夕日が沈む頃から本格的な演習に移行します。 徐々に緊張感が高まってきます。 芦屋基地は
脊振山サイトと違いキチンとした外柵が巡らされています。 そのうえ重要箇所には極細の電線を
利用した警報装置などを設置し、さらに警備犬まで配置して防備は万全です。

また、フェーカーといっても本来は身内のことですから、 外柵その他の設備を、本当に破壊する
心配はありません。だから、侵入箇所も推測できるのです。 防禦側はそこを重点的に警戒するこ
とになります。

あちらこちらの外柵付近で、爆竹が鳴らされたり発煙筒を投げ入れたとの報告があっても、これは
相手の陽動作戦に過ぎないので慌てる必要はありません。恐らく暗くなってから海岸の松林あたり
から西地区に侵入するか、外柵の下の砂を掘って這い込むぐらいが関の山です。配備が完了して
状況が一段落したところで、指揮班に夜食の準備をさせます。

「幹部食堂火災!」
突然電話で報告が入ります。すぐに消防車を出動させ、消火活動を始めます。

「水道ポンプ小屋爆破、負傷者あり!」
衛生隊に通報して、アンベランス(患者移送車)を走らせます。急に騒然となってきました。
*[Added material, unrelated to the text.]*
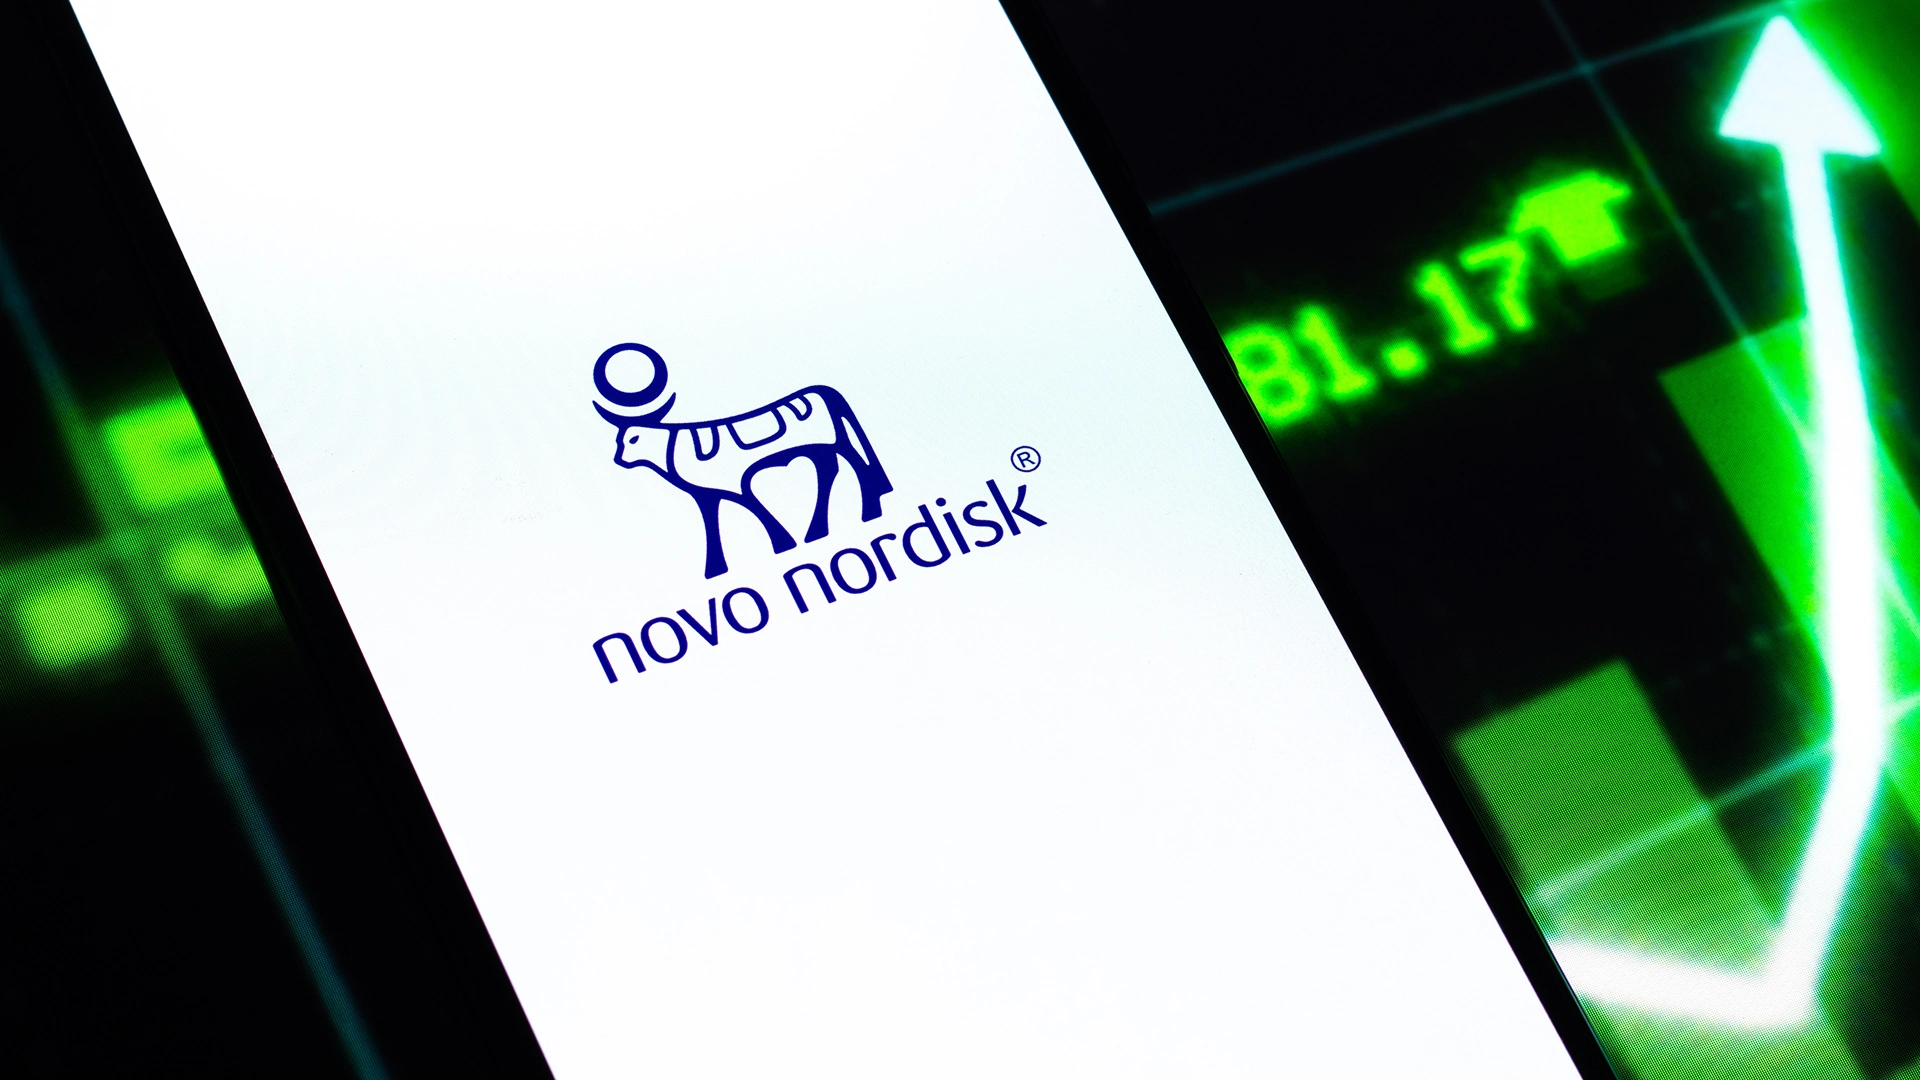 Neuer Meilenstein für Novo Nordisk: Ist die nächste Rallye für die Biotech&#8209;Aktie jetzt sicher? (Foto: sdx15/Shutterstock)

しかし、どう考えても不自然です。どこの警戒線も基地外からの侵入を許した形跡はないのです。
基地内でフェーカーを発見したとの報告も受けていません。 なのに内部で「爆発」や「火災」が
発生しているのです。これは統裁部が「現況表示」を行ったのだと直感しました。   

演習ではその流れを円滑にし、 訓練効果を高めるために統裁部で「○○○爆破・負傷者〇名」
「○○○に火災発生」などの状況を示して、対応処置を演練することがあります。 しかし、その
場合は演習規定にその旨を記載するのが通例です。 ところが、今回の演習規定には統裁部が
「現況表示」を行うとの規定はありません。演習規定を再確認しました。

「──仮設敵は実人員を以て示す。 仮設敵の服装は作業服に──」と、あるだけで、統裁部が
「現況表示」を実施するとは一言半句も書かれていません。これは明らかに演習規定に違反し
ているのです。

審判官はフェーカーの勢力が弱い場合、 その目的達成以前に阻止された状況でも「爆破成功」
や「火災発生」など、フェーカー有利に判定して演習を盛り上げることがあります。 これは演習
部隊の演練を目的とするためで、それなりに意味があるので容認できます。 しかし、演習規定
にも明記せずに、審判官が一方的にフェーカーの代役をしたのでは警備部隊側は混乱します。